Świat stanął przede mną otworem - dzięki Tobie. Nie bardzo wiedziałem jak można się odwdzięczyć za taki zastrzyk energii, ale wymyśliłem. No, bo jesteś już członkiem zamkniętej grupy patronek i patronów, dostajesz moje teksty, także te, które będą dostępne tylko dla patronów, dostajesz wybrane materiały wytworzone w ramach innych moich projektów, dostaniesz każdą książkę którą napiszę w czasie trwania Twojego patronatu i do tego w każdej książce, którą skończę - zamieszczę na osobnej stronie imienne podziękowania dla patronów i patronek takich jak Ty. Co można jeszcze?
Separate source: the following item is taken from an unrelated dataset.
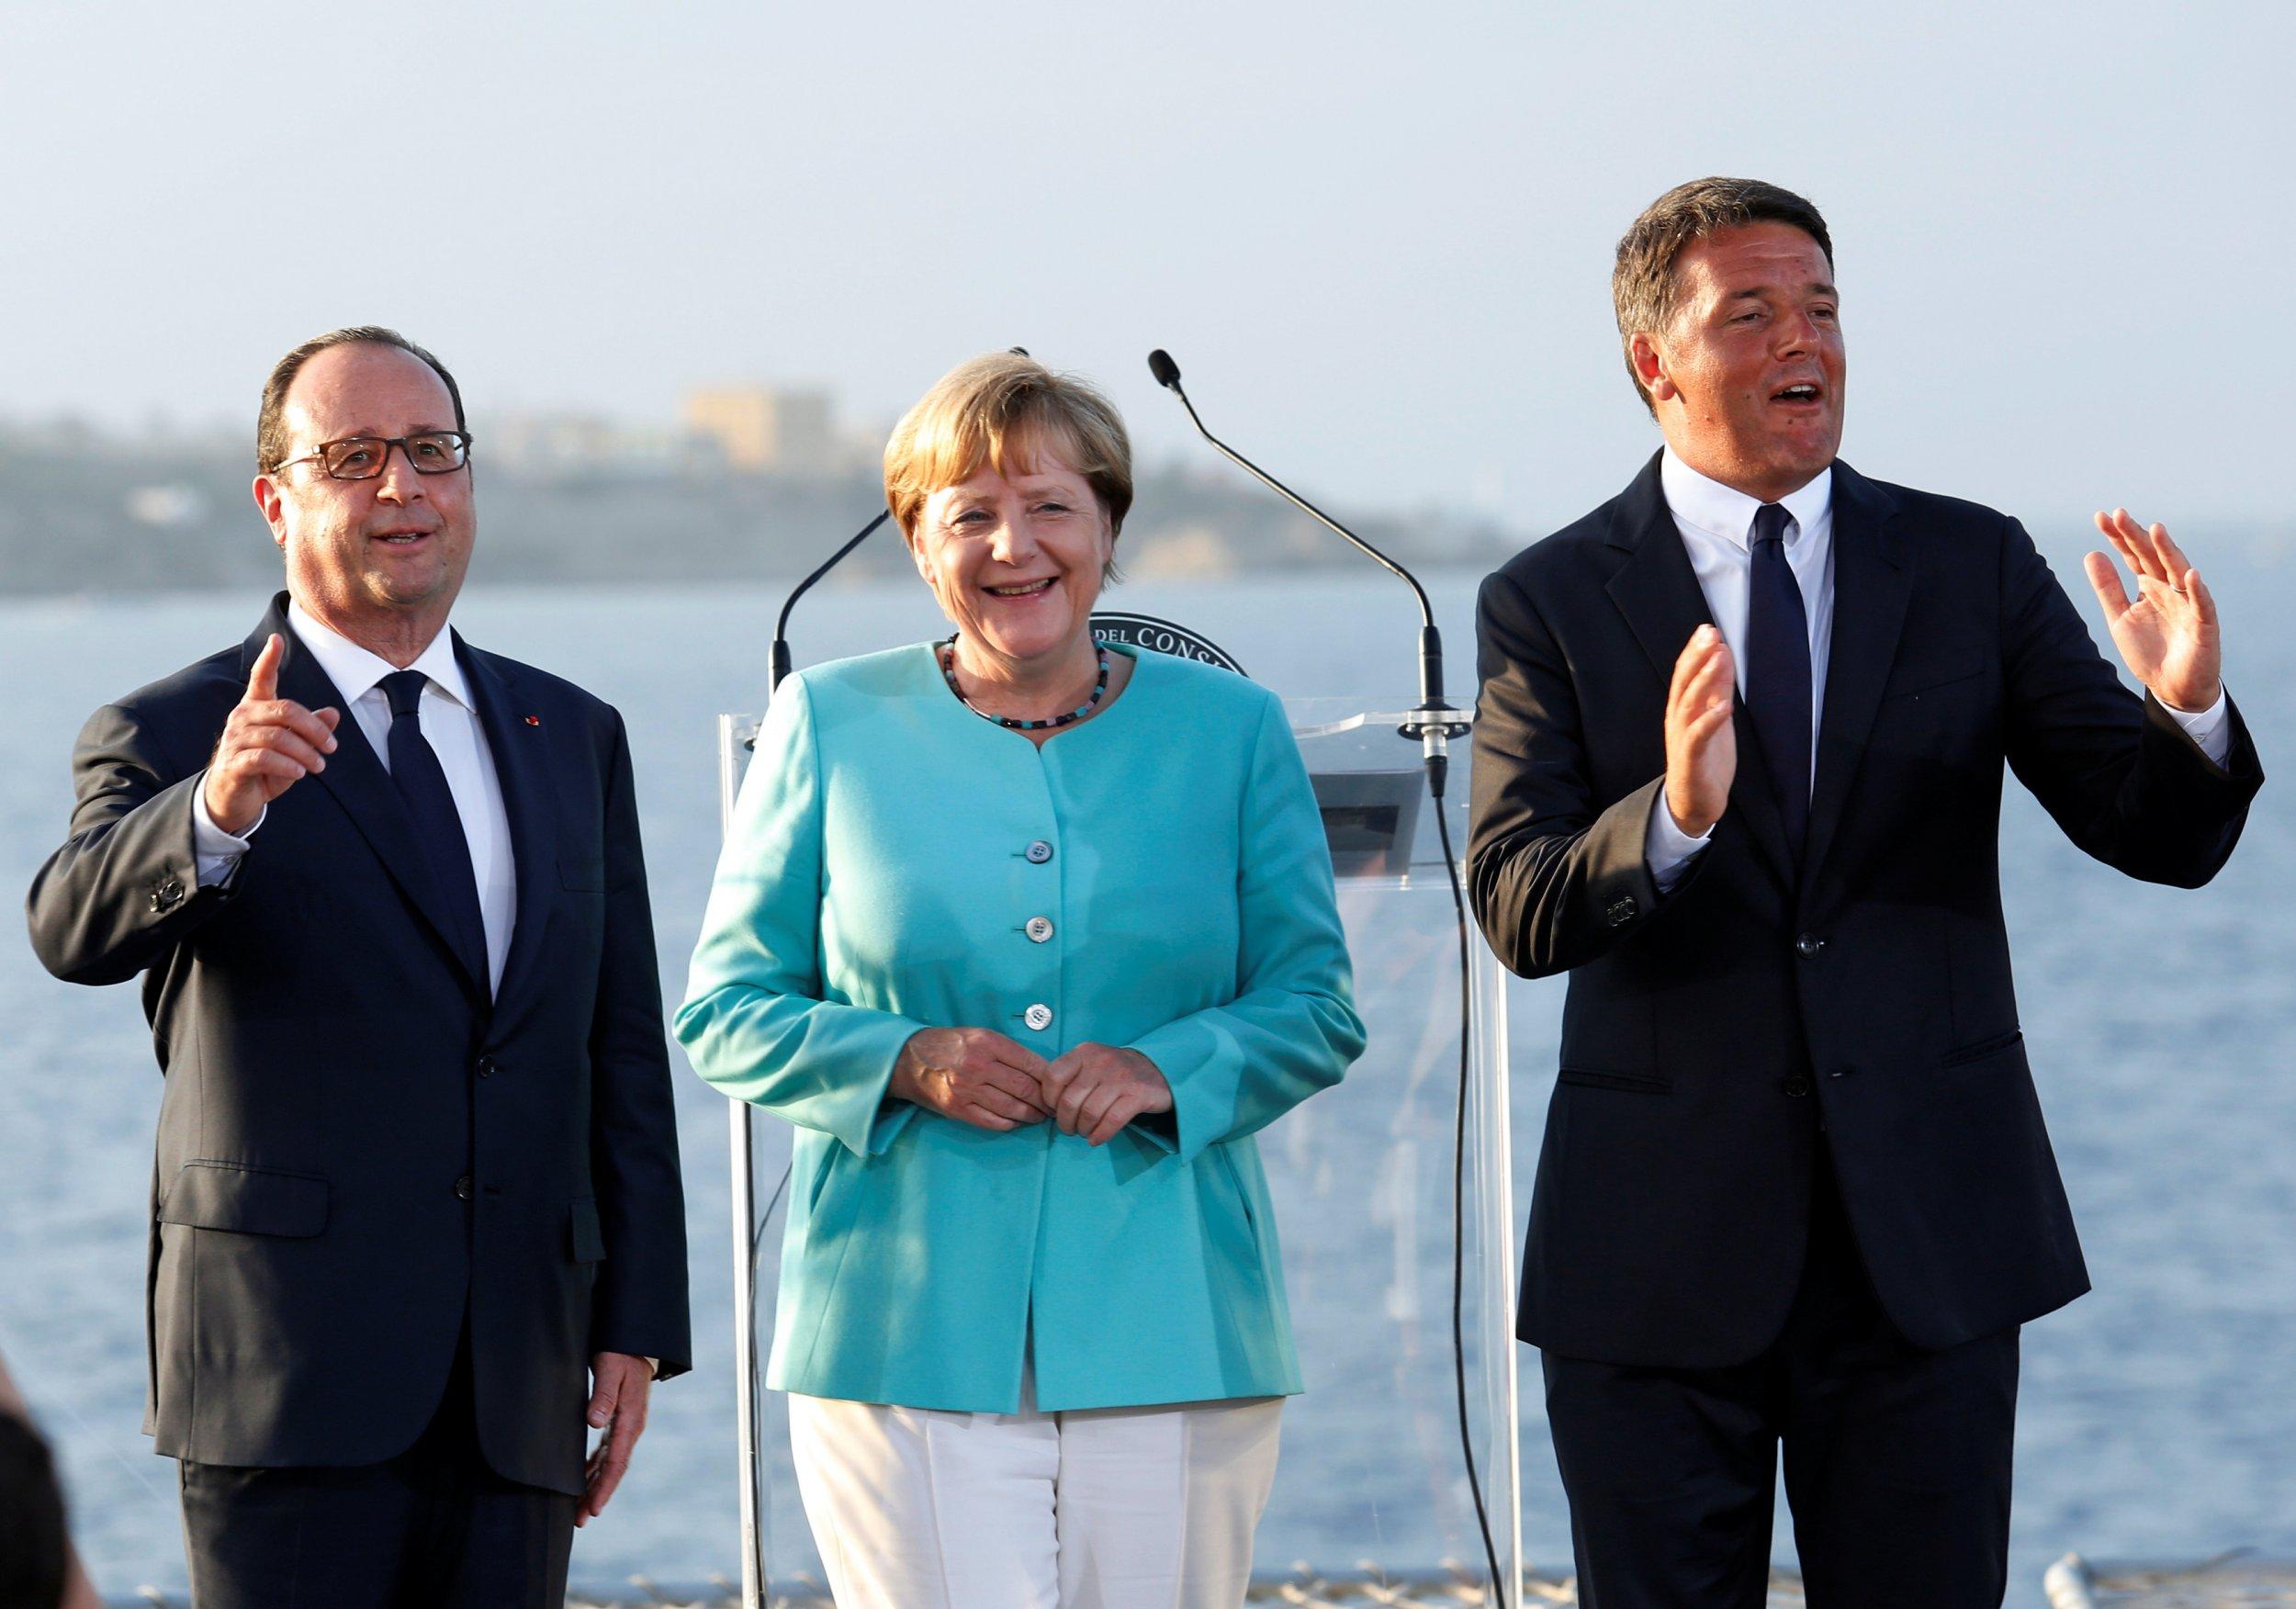 Matteo Renzi, Angela Merkel and Francois Hollande

Można, chociaż to drobiazg, ale zakładam, że jeżeli stać Ciebie - tak materialnie jak i mentalnie - na taki gest jak wsparcie na tym poziomie to rozmawiamy już nie na poziomie wymiernych kwot - ale gestów.
Otóż - gdziekolwiek nie pojadę w czasie twojego nad moją twórczością patronatu - dostaniesz ode mnie kartkę pocztową. To już zapomniany obyczaj wysyłania pocztówek, prawda? A miło jest mieć materialny dowód czyjejś pamięci, chociażby z tak odległego miejsca jak tutaj na zdjęciu - z Wyspy Wielkanocnej.
Jak napisałem wszystko co wynika z niższych progów wsparcie także jest Twoje.